I have some empty, cycled tanks (75, 55, 20L, 29) and was thinking of trying my hand a breeding some fishes. Does anyone have any reccomendations on what might be a good fish to try to breed if I want to make a little money doing so? I'm already going to be using my 29 or 55 for six or so L46 zebras.

In the past I have bred and raised angelfish, jack dempseys, sun catfish, convicts (nothing hard about that), live bearers, tetras, longfin rosy barbs, etc. I'm definitely up for a challenge, and preferably something non piranha, and nothing that won't breed in a 75, because I'm already working on that and don't have any big tanks left unoccupied.
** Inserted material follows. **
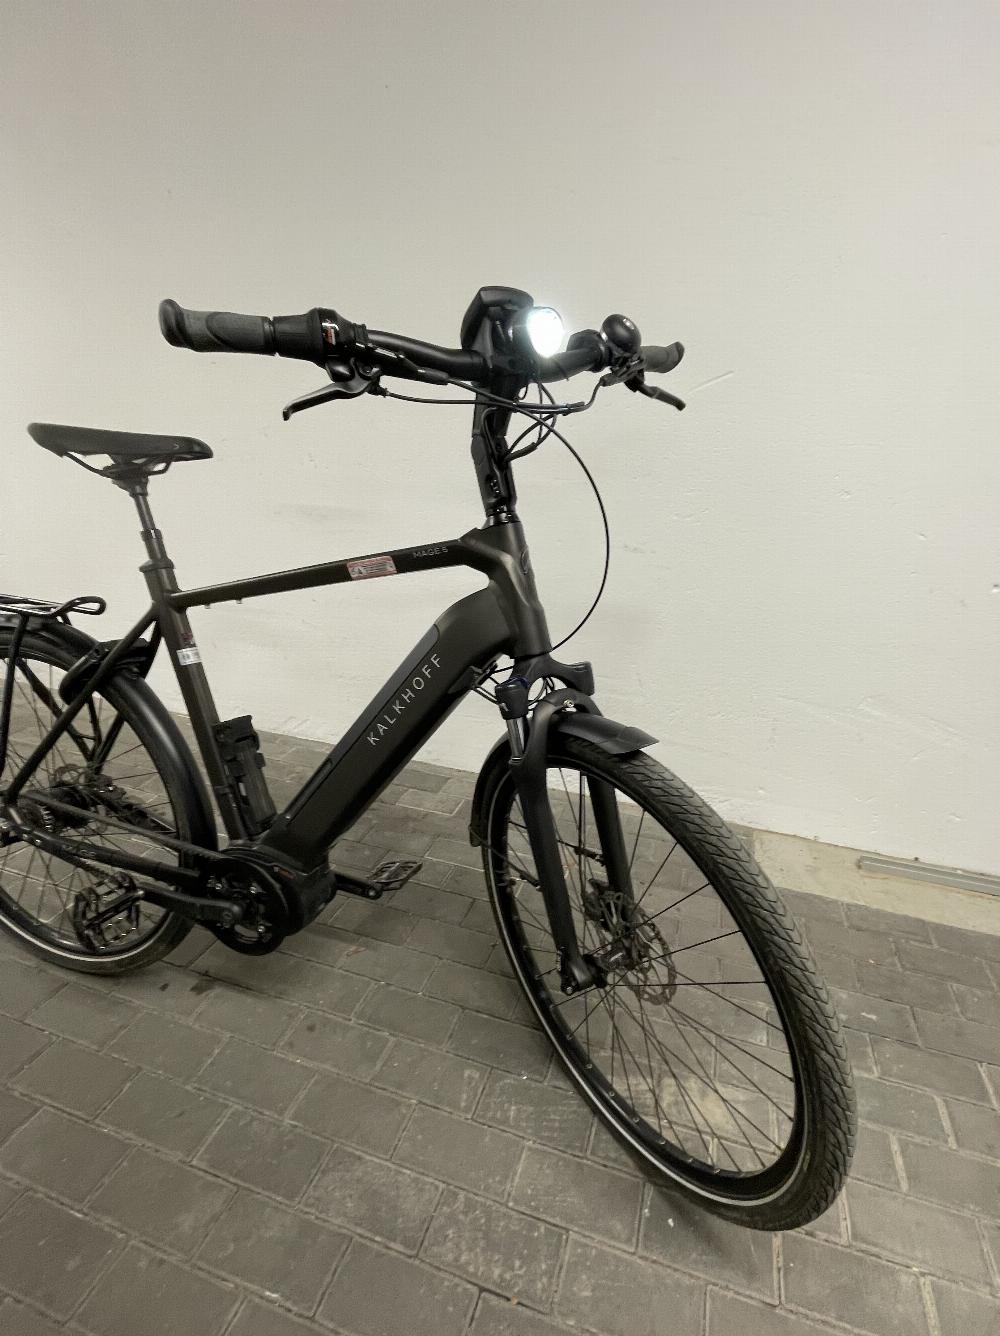 Fahrrad verkaufen KALKHOFF IMAGE 5.B BELT Ankauf

So, what would you reccomend?


----------



## Kory (Jun 5, 2003)

African cichlids are easy to bread I'm sure you can turn a profit on those too.


----------



## lemmywinks (Jan 25, 2004)

breeding discus = big profit

they are definatly a challenge though


----------



## FootClanSkates (Apr 25, 2004)

Funny you mention discus, at the last GCAS auction I bought 16 large discus for that purpose, but I'm still waiting on them. Any more?


----------



## hyphen (Apr 4, 2004)

lemmy beat me to it. i was gonna suggest breeding discus. get some good strains and you'll turn over some profit in no time.


----------



## Andy1234 (Apr 23, 2004)

asain arowanas, snakeheads


----------



## piranha45 (Apr 8, 2003)

tanganyikan cichlids, like calvus/a. comprecisseps.


----------



## illnino (Mar 6, 2004)

id go for discus, from what ive heard, its pretty easy, just lots of really big water changes. and they sell for $100 a pop, depending on what kind.


----------



## con man (Mar 7, 2004)

uinless u use the 75 for discus anfd the 55 as a growout forget it (it takes 2-3months b4 they reach quarte-half dollar size when u cna start selling at or around 15-45 each MAX....
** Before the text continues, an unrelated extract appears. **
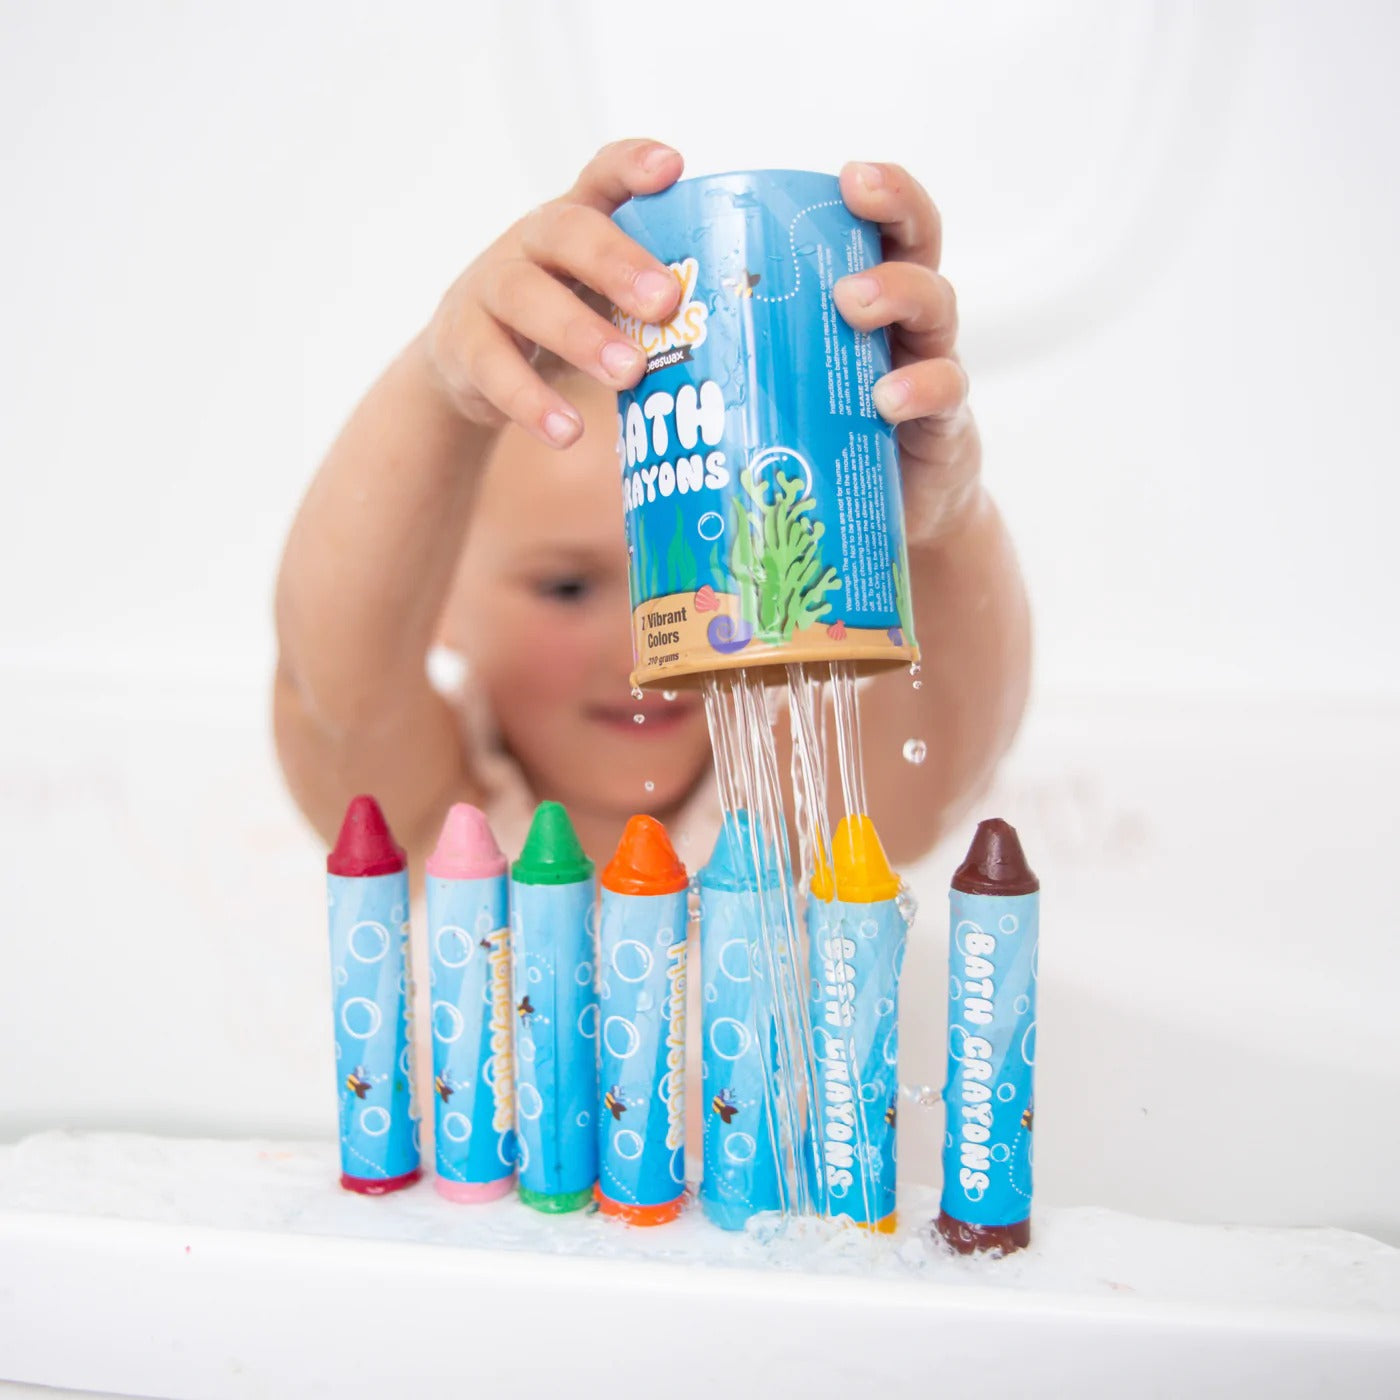 Honeysticks Bath Crayons, Natural Soy & Beeswax Bath Toys available at Bear & Moo

i have almost 40 tanks and im only using 27 as of now for breeding.... i amke enough cash for groceries pay the fish tank bills and gas and a littl extra every month

i breed orange calvus white calvus and black calvus and a gorup of malawi eye biters (1 male 4 females) for africans

i breed 8 different types of aspistos (16pairs)

a pair of jack dempseys (6-9in only used as feeders or 20 or so a month to the lfs for a pound of blackworms which i use to feed the aspistos and whatnot)
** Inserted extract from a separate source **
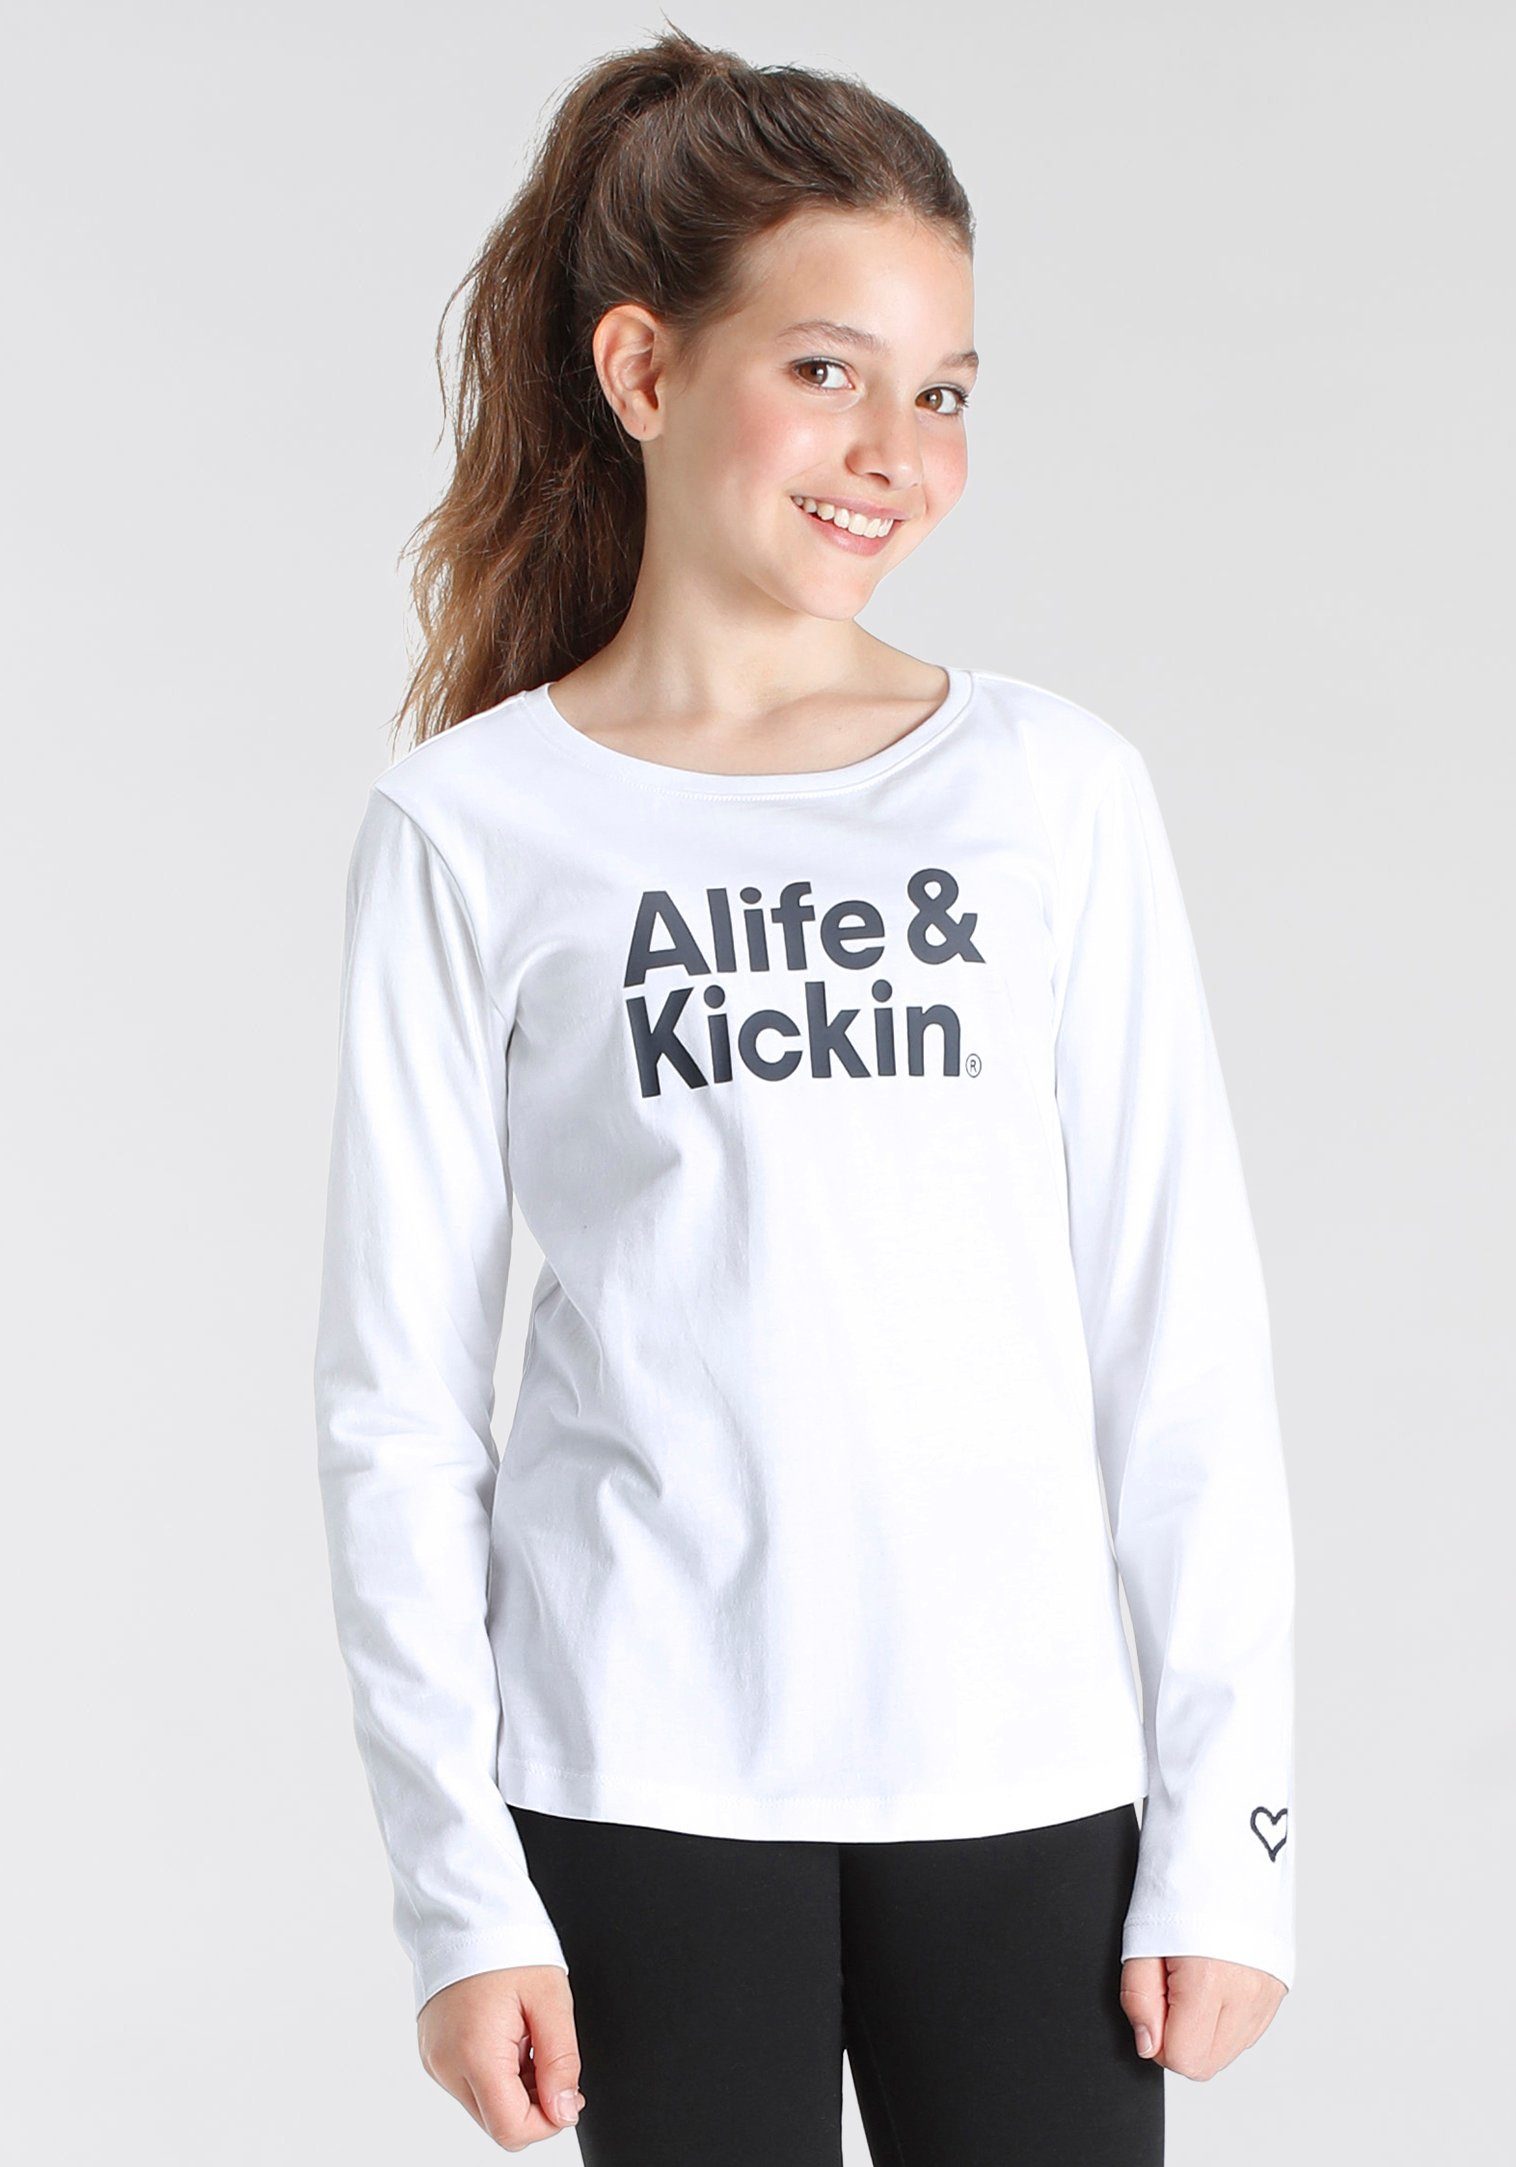 Kids. Langarmshirt Logo Kickin NEUE für MARKE! & Alife Druck Alife & Kickin mit

2 pairs of dwarf pike cichlids (1 pair is a year and a half old the other is 8months old (pair 1's first spawn)

and the other tanks hold fry.... another suggestion NEVER mix fry from diff sp's as most of ur fish will b sold too young to be positively id'd.... im currently expanded my breeding/keeping to erythinus erythinus hoplias aimara and hoplias malacrubias (possilby soem marbled motorros or reg motorros if a pair is available)

if i ever lets say threw out my back more then half of this fish would die within a week....its risky but its fun and its a good hobby to waste 2 hours a day on....

i havent expanded to importing as it would b virtually like making half the profit as u pay for the fish ur importing and sell it for double.... i only breed the aspistos as a contribution to the aspisto world as i have 4 pairs of an undescribed sp. of which i sold a growout to a scientist who is trying to name it (hopefully after me lol) i only own the rarest of aspistos (no pair cost me under 35 dollars directly imported for my own keeping from peru) luckily i ahve an honest exporter in peru that can get me basically any small cichlid and hoplias with enough time....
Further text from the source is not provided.